An ordinary woman, ordinary by International Standards, with nut-brown hair and small nervous eyes, green, and plain because of the short lashes. A nose not large, tiny ears with holes in the lobes but no earrings swinging from them.
All emptiness, this young lady, more because she felt it so than for any other reason. Unmarried. Unlucky. Uncertain, though not so uncertain that she does not pull on her coat late in the evening when she wants to go out. Certain enough that she forgets her scarf, that she drops a glove on the walkway before stepping into the cab.
The driver makes her laugh, freely, because no one else is with them. The driver tells a story about his baby daughter, the same story he told several weeks ago, though he does not remember, does not remember her, this ordinary woman. She would like to pay him to keep driving and keep talking and keep forgetting her because it is nice to be alone with him, because out of the dark sky it is beginning to snow.
When they arrive at the place she has paid him to take her, a small bar, an ordinary bar, a pale pearl strung among a series of bright ones, it is the door that seems less open, the one with snow drifting up toward it, that she chooses to force open. She is still thinking about the driver, about the baby daughter he will continue to share, even with those more ordinary. And she thinks about breaking a glass once she is finished drinking from it.
But the waiter does not bring her anything to drink; the waiter does not bring her any glass to break. In fact, he does not see her sitting at a table with three empty chairs around her. The room with its blue light and burning candles holds her like the quiet centre of a flame. With her hands folded on the red table she waits, smiling at the couples and old men, nodding at a woman wearing black corduroy who rubs against everyone like a large, sad cat to the washroom and back, to the washroom and back.

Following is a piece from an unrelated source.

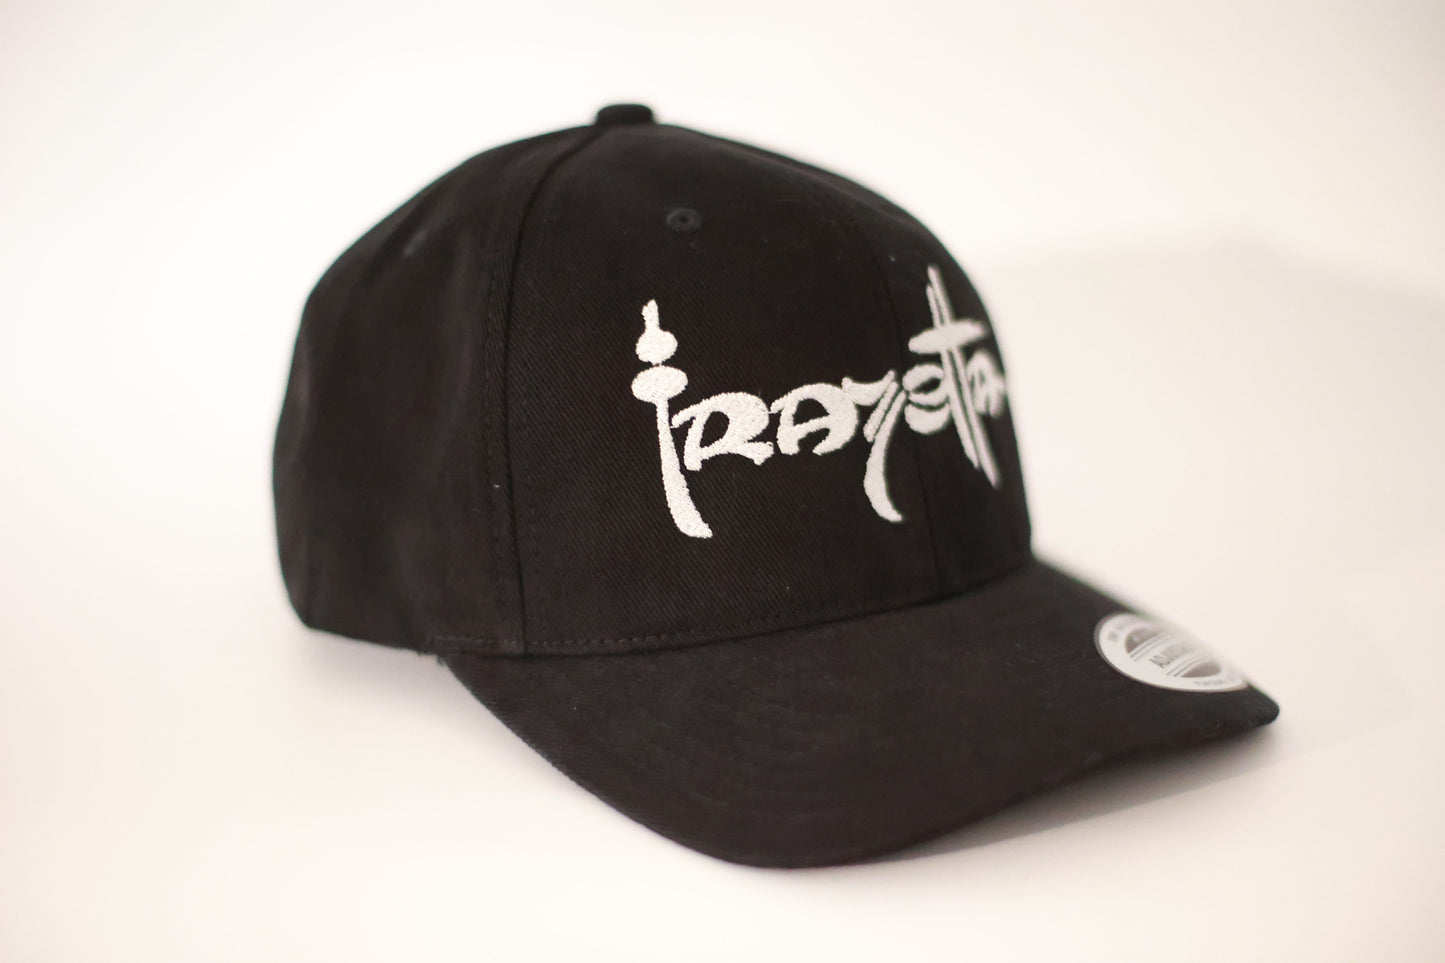 Frazetta Signature Hat Black with Silver

Yes, the corduroy cat-woman seemed to be the only one to acknowledge the ordinary woman sitting alone with three chairs. Her waiting lasted four minutes, though she felt it like it were forty-four. The waiter saw her only when she rose to leave. And the cat-woman, coming out of the washroom. She saw her push the door open and slip through without letting in any snow or wind to upset the candles. Slip away because there was nothing else she could properly do.